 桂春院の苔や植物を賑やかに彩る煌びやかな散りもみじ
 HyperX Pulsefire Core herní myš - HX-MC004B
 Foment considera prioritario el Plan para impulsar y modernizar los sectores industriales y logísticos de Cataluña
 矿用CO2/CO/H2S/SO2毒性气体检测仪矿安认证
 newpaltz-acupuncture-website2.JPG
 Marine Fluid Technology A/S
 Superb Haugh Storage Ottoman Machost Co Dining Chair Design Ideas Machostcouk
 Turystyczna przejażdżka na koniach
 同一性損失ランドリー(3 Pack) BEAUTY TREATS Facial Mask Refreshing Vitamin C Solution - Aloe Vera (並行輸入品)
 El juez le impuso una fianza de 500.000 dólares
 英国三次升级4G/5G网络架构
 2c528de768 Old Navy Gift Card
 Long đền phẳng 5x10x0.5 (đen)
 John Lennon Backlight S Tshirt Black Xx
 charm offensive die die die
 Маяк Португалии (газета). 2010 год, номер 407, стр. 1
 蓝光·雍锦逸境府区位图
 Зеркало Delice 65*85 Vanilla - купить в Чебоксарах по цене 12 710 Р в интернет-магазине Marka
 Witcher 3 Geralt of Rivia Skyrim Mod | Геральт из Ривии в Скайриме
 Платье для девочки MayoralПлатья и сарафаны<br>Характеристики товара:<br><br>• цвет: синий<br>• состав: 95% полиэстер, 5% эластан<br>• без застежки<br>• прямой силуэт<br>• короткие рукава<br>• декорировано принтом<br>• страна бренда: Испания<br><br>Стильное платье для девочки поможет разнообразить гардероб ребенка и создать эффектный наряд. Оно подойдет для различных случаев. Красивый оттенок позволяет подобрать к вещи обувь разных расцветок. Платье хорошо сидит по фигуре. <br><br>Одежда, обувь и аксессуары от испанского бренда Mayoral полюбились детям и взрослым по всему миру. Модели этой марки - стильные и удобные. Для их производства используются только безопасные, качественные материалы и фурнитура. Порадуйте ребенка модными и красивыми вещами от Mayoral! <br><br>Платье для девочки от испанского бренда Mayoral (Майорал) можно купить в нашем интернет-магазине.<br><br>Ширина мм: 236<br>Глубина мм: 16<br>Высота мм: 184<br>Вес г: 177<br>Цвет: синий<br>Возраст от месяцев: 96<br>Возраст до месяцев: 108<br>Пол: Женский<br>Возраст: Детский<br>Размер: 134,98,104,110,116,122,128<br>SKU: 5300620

WORK ITEM
Starting at the line with "Long đền phẳng 5x10x0.5 (đen)" and ending at the line with "Witcher 3 Geralt", print each line of the listing above exactly, with no other lines.

ANSWER TO THIS EXERCISE
 Long đền phẳng 5x10x0.5 (đen)
 John Lennon Backlight S Tshirt Black Xx
 charm offensive die die die
 Маяк Португалии (газета). 2010 год, номер 407, стр. 1
 蓝光·雍锦逸境府区位图
 Зеркало Delice 65*85 Vanilla - купить в Чебоксарах по цене 12 710 Р в интернет-магазине Marka
 Witcher 3 Geralt of Rivia Skyrim Mod | Геральт из Ривии в Скайриме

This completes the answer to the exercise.